SDL employs over 900 engineers, students, and professional staff at facilities in Logan, Utah; Albuquerque, New Mexico; Bedford, Massachusetts; Dayton, Ohio; Huntsville, Alabama; Houston, Texas; Los Angeles, California; and Washington, D.C.

== History ==
SDL origins date back to 1948 with experiments by the University of Utah Upper Air Research Laboratory (UARL) to measure electron density in the upper atmosphere of Earth utilizing German V-2 rockets. In 1959, the Electro-Dynamics Laboratories (EDL) was founded at Utah State University. The UARL relocated to Utah State University in 1970 and merged with EDL in 1982 to form SDL. One of the early missions involved measurements during Operation Dominic in 1962. In 1965, the laboratory participated in its 100th launch aboard a sounding rocket.
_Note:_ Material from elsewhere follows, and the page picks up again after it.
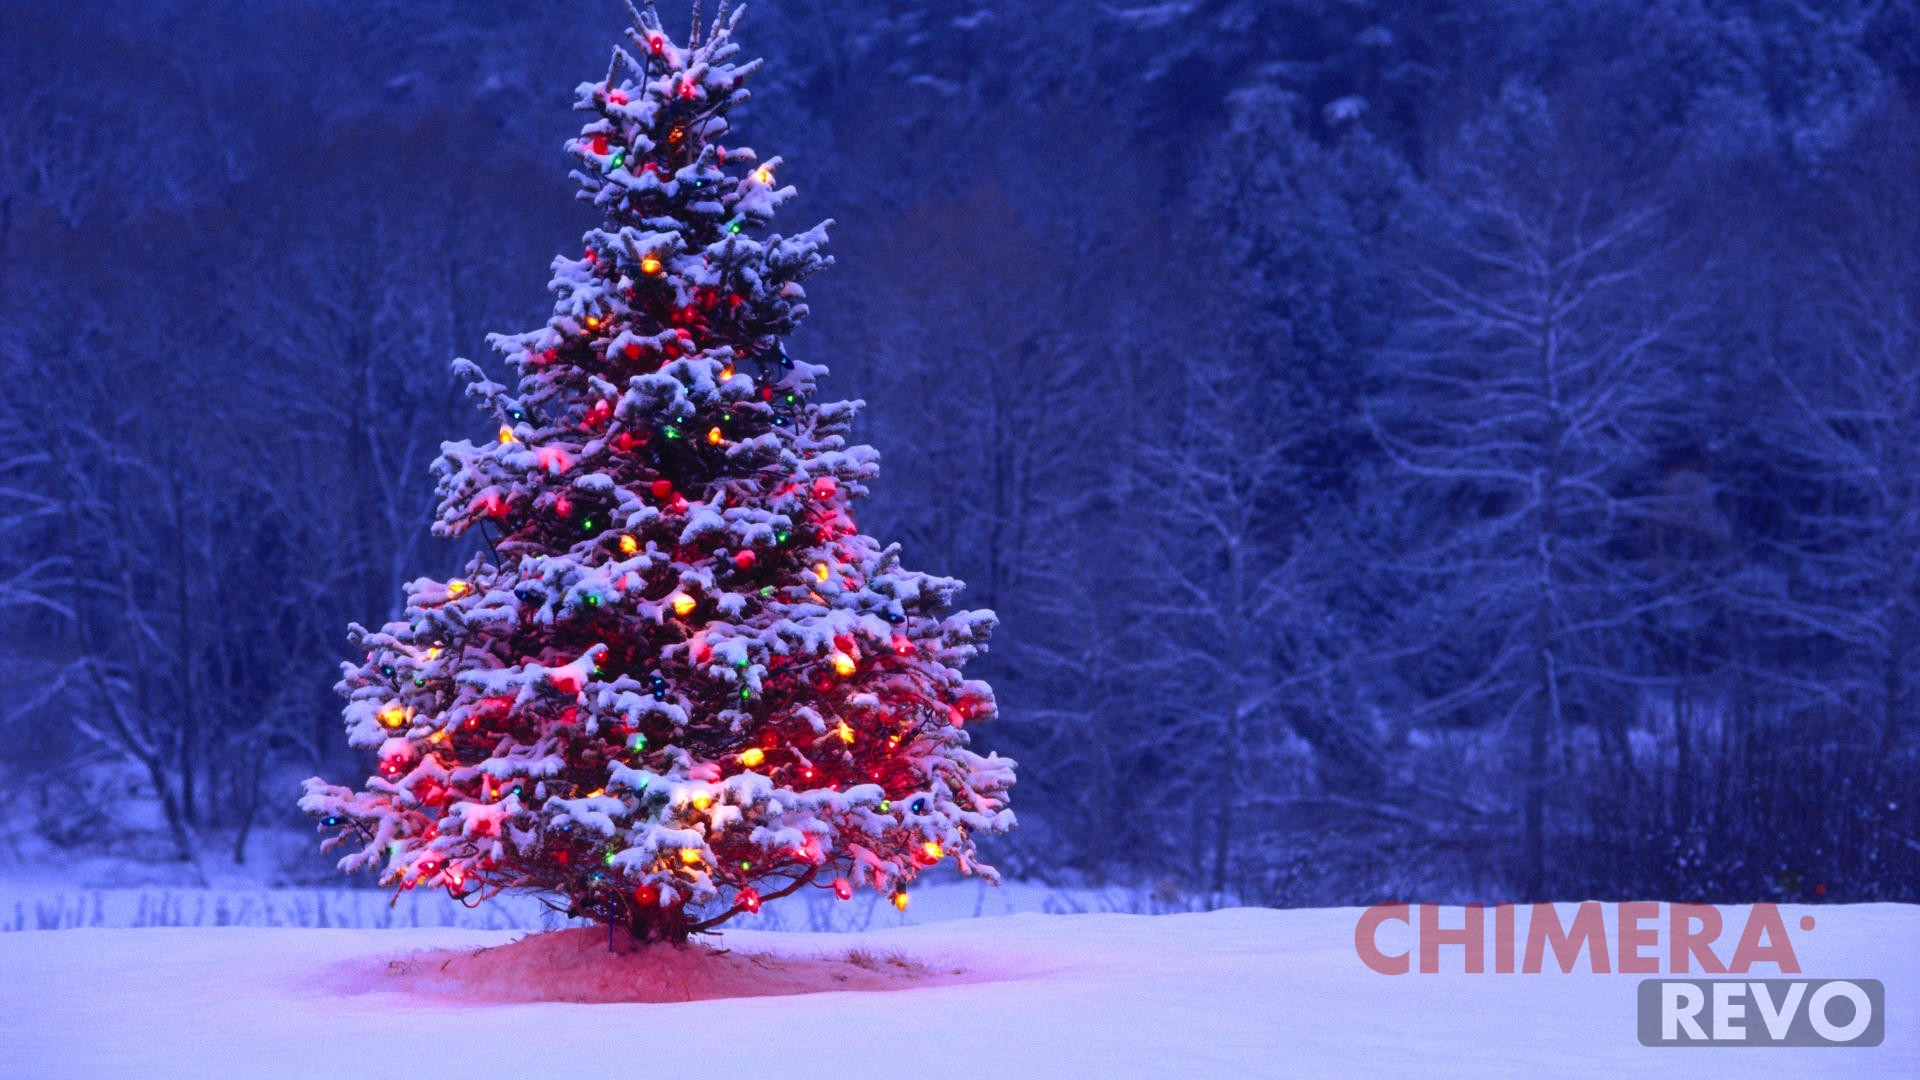 16 bellissimi sfondi di Natale per PC smartphone e tablet   Chimera

In 1982, SDL participated in its first experiment (the Vehicle Charging and Potential experiment) aboard a space shuttle as part of STS-3.

== Projects for NASA ==
SDL has been a contractor for NASA on a variety of missions for decades.

In 2019, NASA selected USU to conduct the Atmospheric Waves Experiment (AWE) led by Mike Taylor. AWE involves an imager built at SDL that will be mounted on the International Space Station (ISS) to map airglow.
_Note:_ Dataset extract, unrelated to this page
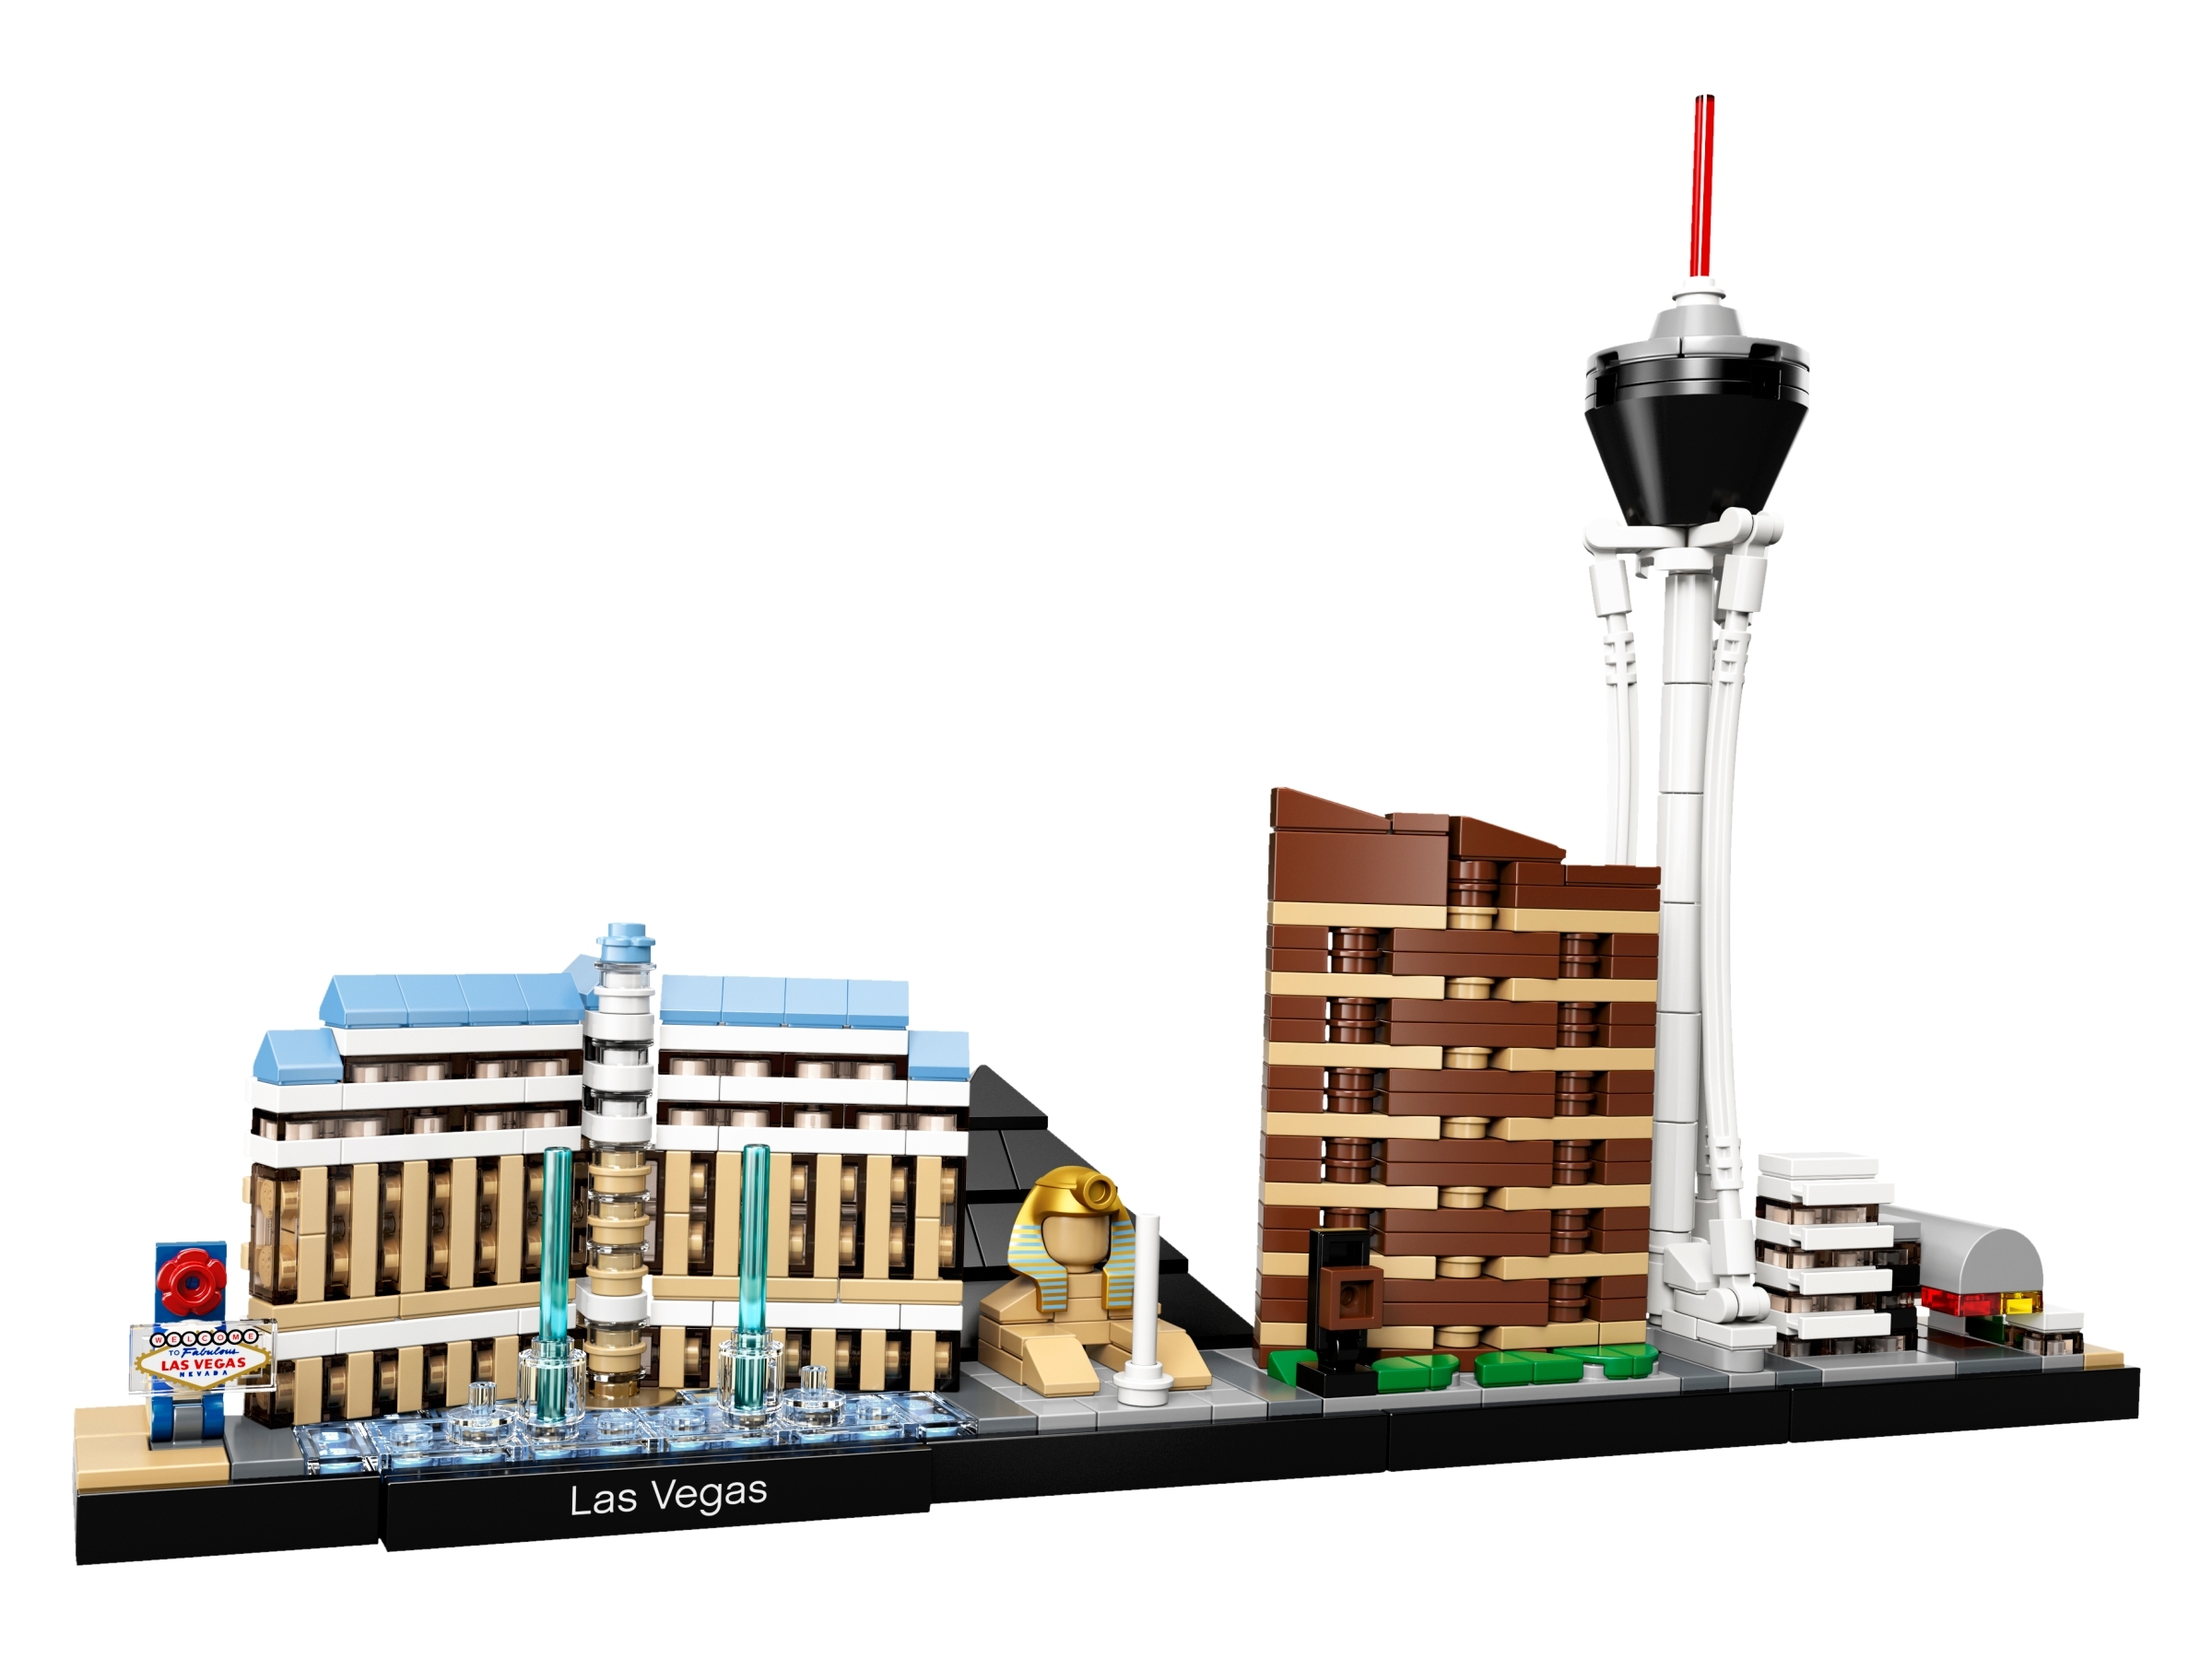 LEGO IDEAS - Welcome To Fabulous Las Vegas!

Other NASA projects include:
- Thermal links for infrared instruments on the James Webb Space Telescope.
- SDL built and tested the Wide-field Infrared Survey Explorer (WISE) science instrument, which was used to discover thousands of minor planets and numerous star clusters. Its solid hydrogen coolant was depleted in February 2011 and then in 2013, WISE was given a second mission, with the title Near-Earth Object Wide-field Infrared Survey Explorer (NEOWISE) to search for comets and asteroids that might impact the earth, including Comet NEOWISE.
- SDL designed, manufactured, and tested the cryogenic subsystems for the focal plane assemblies of Orbiting Carbon Observatory (OCO) and of OCO-2.
- Solar occultation for ice experiment (SOFIE) on board the Aeronomy of Ice in the Mesosphere (AIM) satellite was designed and fabricated at SDL.
- The Floating Potential Measurement Unit (FPMU) designed and built by SDL monitors surface charging of the International Space Station (ISS).
- The detector electronics assemblies for the OSIRIS-REx Camera Suite (OCAMS) to image the asteroid, search for outgassing plumes, and document the sample acquisition.
- Cryogenic Infrared Radiance Instrumentation for Shuttle (CIRRIS 1A) flew onboard Space Shuttle Discovery in 1991 as part of STS-39. CIRRIS was used to measure phenomena such as airglow and auroral phenomenology. SDL designed, built, and tested the instrument.
- A subsystem for the Plankton, Aerosol, Cloud, ocean Ecosystem (PACE) satellite was built at SDL.
- WIRE was a space telescope built and tested at SDL, part of an $80 million mission. The telescope failed soon after launch and SDL representatives accepted responsibility for the failure.